Tout au long du livre, l’auteur s’emploie à montrer les réalités de l’écologie moderne, celle des écologues, qui ne correspond pas toujours à celle des écologistes. L’écologie est à la croisée des chemins entre les sciences de la vie, les sciences de la Terre et les sciences de la société. L’écologie est donc une science de synthèse qui, de ce fait, est plus complexe que ce que beaucoup imaginent. Une idée fausse est, en particulier, celle qui s’appuie sur les notions d’ordre et d’équilibre naturels des écosystèmes qui elles-mêmes sont des réminiscences de créationnisme, de dessein intelligent voire de malthusianisme et, en tout cas, de conservatisme. L’auteur insiste beaucoup sur le fait que les écosystèmes sont en évolution permanente dans des directions peu prévisibles. Les écosystèmes suivent des trajectoires mais non des modifications réversibles ou des cycles. Ceci implique que la recherche d’un Éden perdu et d’une nature pure, inviolée, est totalement illusoire mais aussi que les modifications des écosystèmes, quelles que soient les directions suivies, ne sont pas imputables aux activités humaines autant que certains le prétendent. Il est de ce fait irréaliste d’imaginer que des écologues ont le pouvoir de restaurer à l’identique un écosystème dégradé. Tout ce qu’on peut obtenir, c’est de recréer de la nature dans un lieu donné mais non la nature dans son état antérieur. Un état antérieur stable est lui-même une notion fausse car tous les états sont par essence transitoires et se modifient sans but perceptible. Beaucoup de citoyens ne réalisent pas que la plupart des écosystèmes, en Europe en tout cas, peuplée depuis longtemps par des agriculteurs, ont été modifiés de manière notable via une co-construction et une co-évolution de l’homme et de la nature. Les écosystèmes que l’on observe ont été et sont encore le plus souvent construits pour répondre à des demandes de la société et non l’inverse.

L’étude des écosystèmes est donc particulièrement malaisée. Les chercheurs sont contraints d’agir avec empirisme et de se livrer à des pratiques que l’auteur n’hésite pas à qualifier de bricolage. Cette stratégie est plus ou moins gratifiante pour les opérateurs qui se réfugient souvent dans des investigations qui ont peu de chance de bien répondre aux questions posées. L’étude des écosystèmes se cantonne trop souvent à des inventaires comparatifs de la flore et de la faune en négligeant exagérément les microorganismes dont les impacts sont pourtant décisifs. Les chercheurs dans le domaine sont tentés de privilégier excessivement la construction de modèles mathématiques sur des données primaires trop rares ou de qualité insuffisantes. La collecte de données sur le terrain est par trop délaissée, le confort des bureaux étant meilleur que celui du terrain. Plus sérieusement, peut-être, bon nombre d’écologues sont, comme bien d’autres, soumis au terrorisme du facteur d’impact de leurs publications. Là comme ailleurs, les chercheurs tendent à être plus productifs que créatifs. L’écologie, qui ne peut se comprendre et agir que sur le temps long, ne peut se satisfaire de telles pratiques. L’auteur note aussi que les luttes de pouvoir et les querelles de clochers nuisent à la productivité des laboratoires qui, par ailleurs, pâtissent plus que d’autres secteurs de la recherche publique d’un sous-équipement en gros matériels.

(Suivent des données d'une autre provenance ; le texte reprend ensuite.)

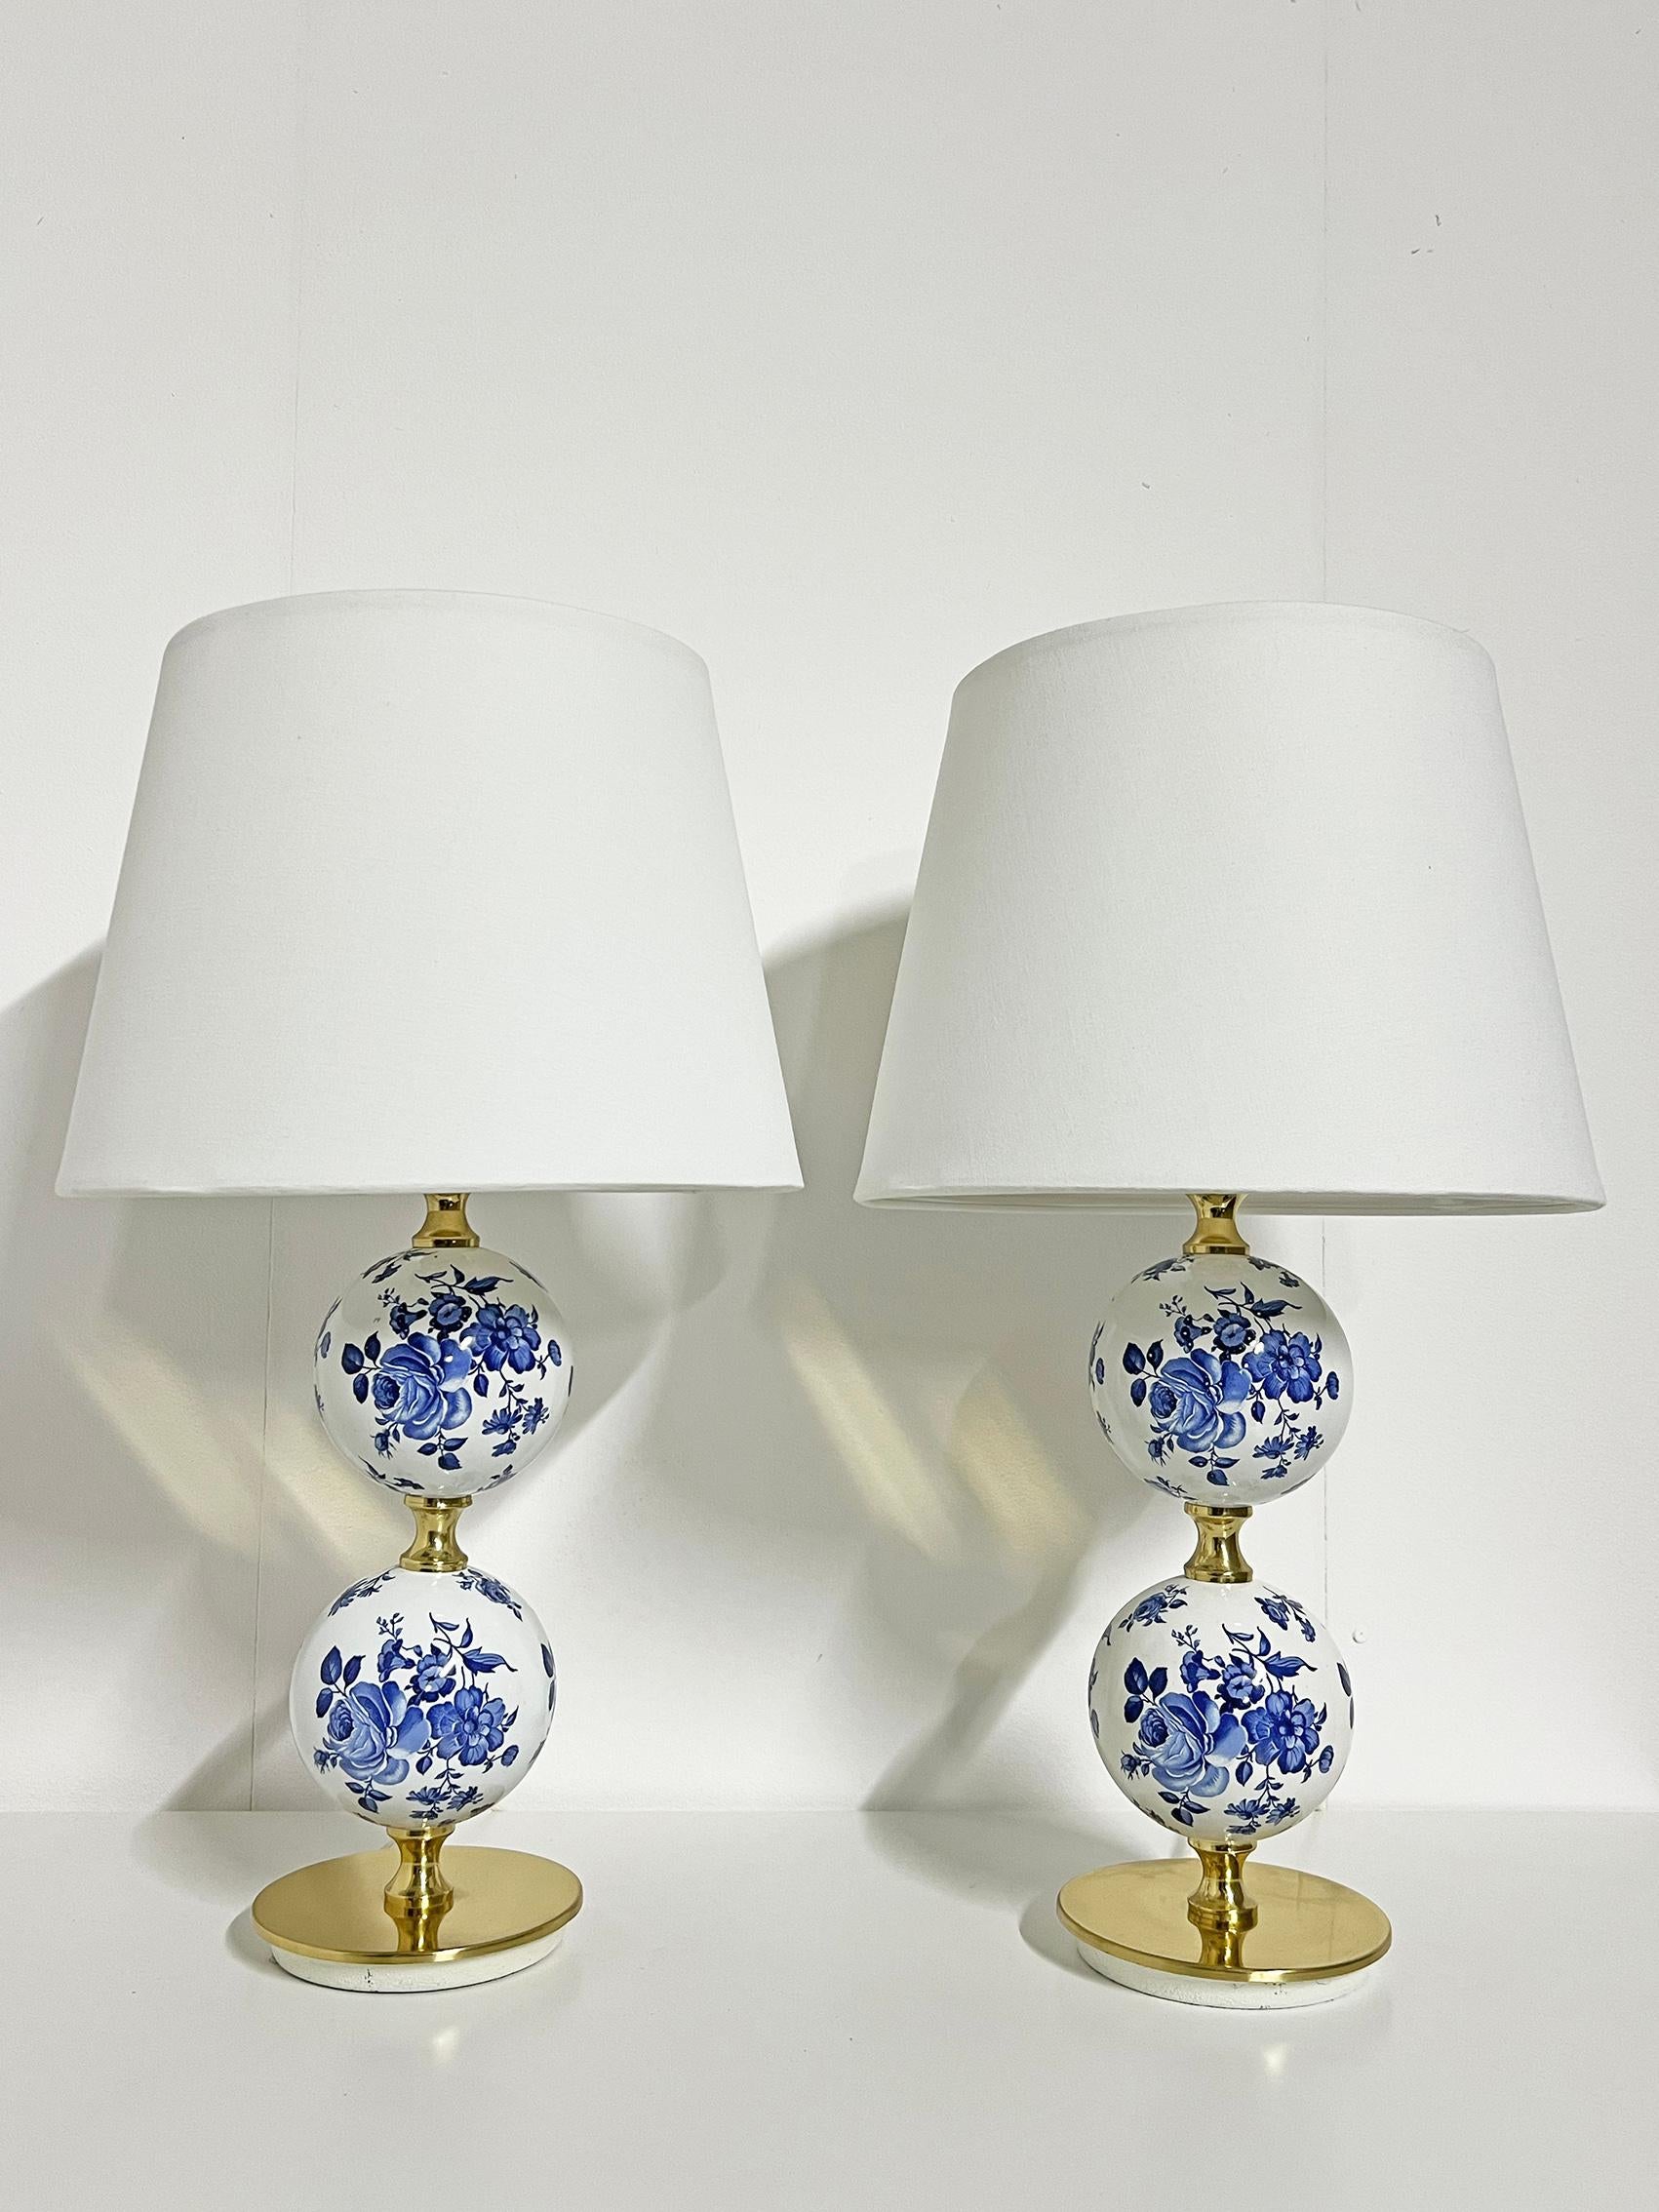 Pair of beautiful scandinavian modern table lamps, Tranås Stilarmatur ca 1960s.
Rare model in porcelain and brass with beautiful floral pattern. 
Signed with makers mark.
Good vintage condition, wear and patina consistent with age and use.
Small

À cela, il faut ajouter que l’écologie, à son corps défendant, est au cœur de préoccupations de la société. Ceci expose ce domaine de la recherche aux effets de mode et au pouvoir des média. Les écologues ne parviennent pas toujours à éviter les pièges idéologiques tendus par diverses ONG.

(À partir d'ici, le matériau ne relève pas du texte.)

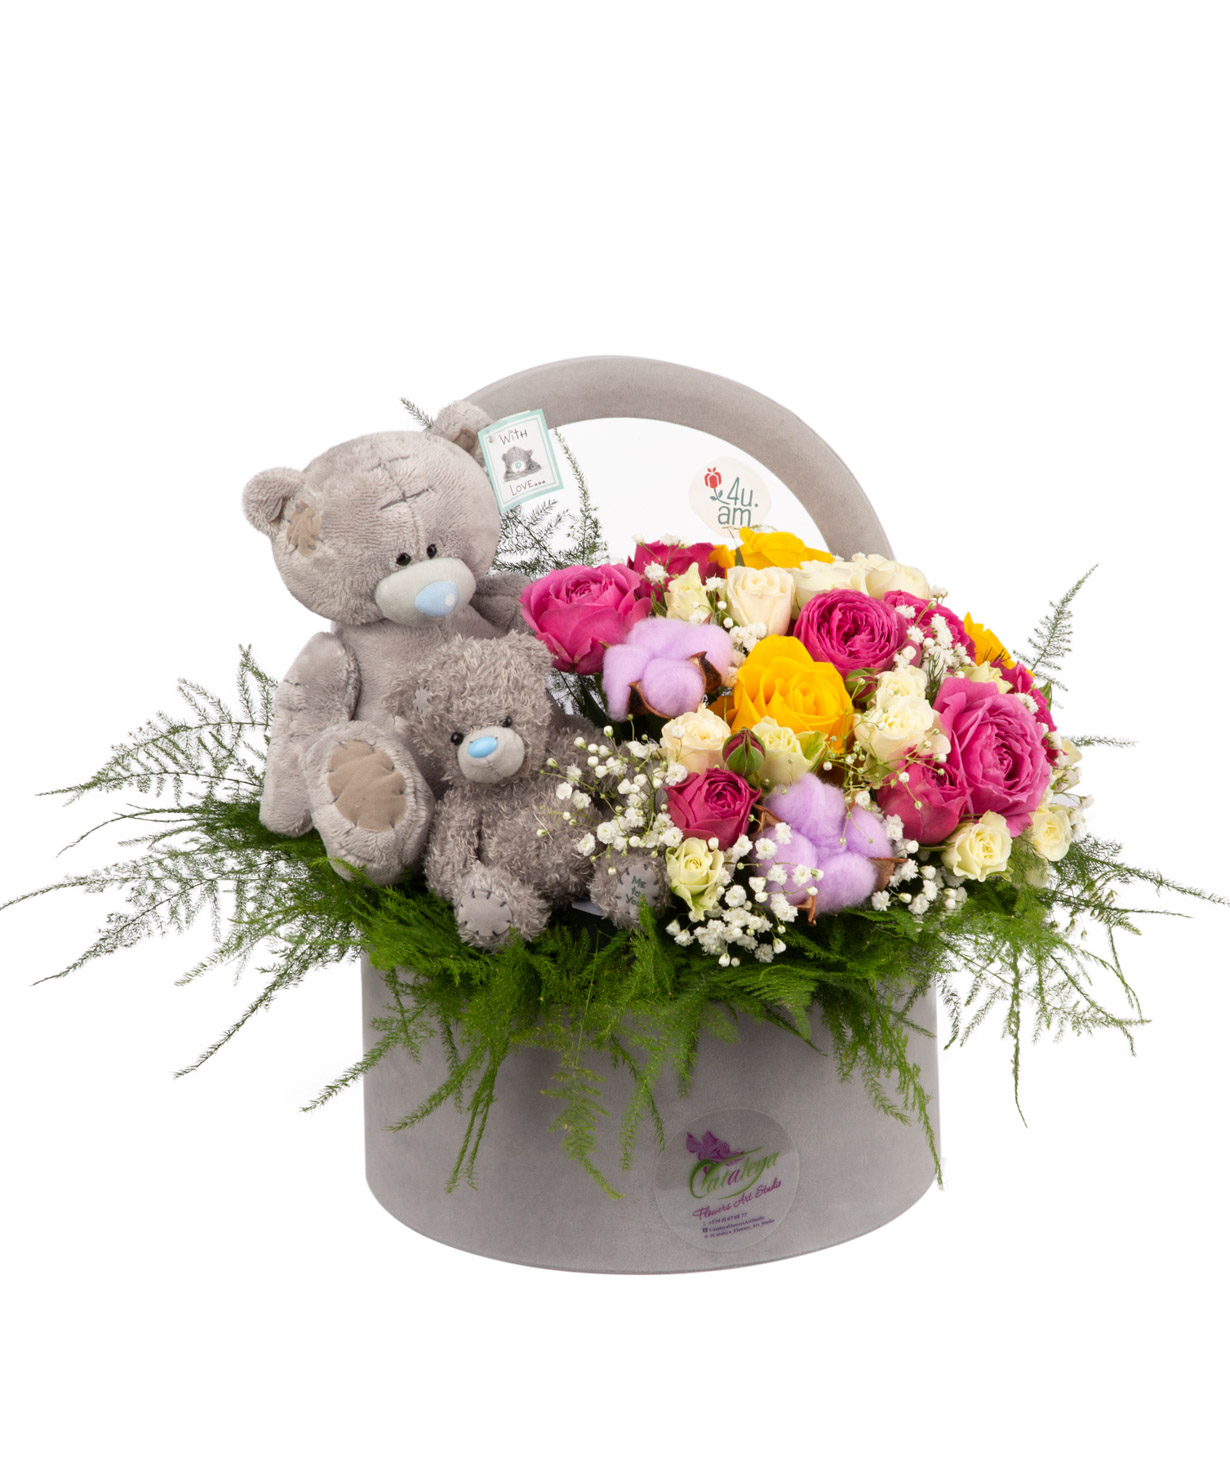 Arrangement `Borgarnes` with flowers and soft bear

En conclusion de ce bilan, l’auteur ne sombre pas dans le pessimisme. Il pense que l’écologie scientifique doit se développer en France et que cela est possible à condition de donner la priorité à une vision et une gestion globales des projets de recherche. Le livre contient l’analyse d’une situation qui n’est pas l’exclusivité de l’écologie. Ce n’est pas là son moindre intérêt.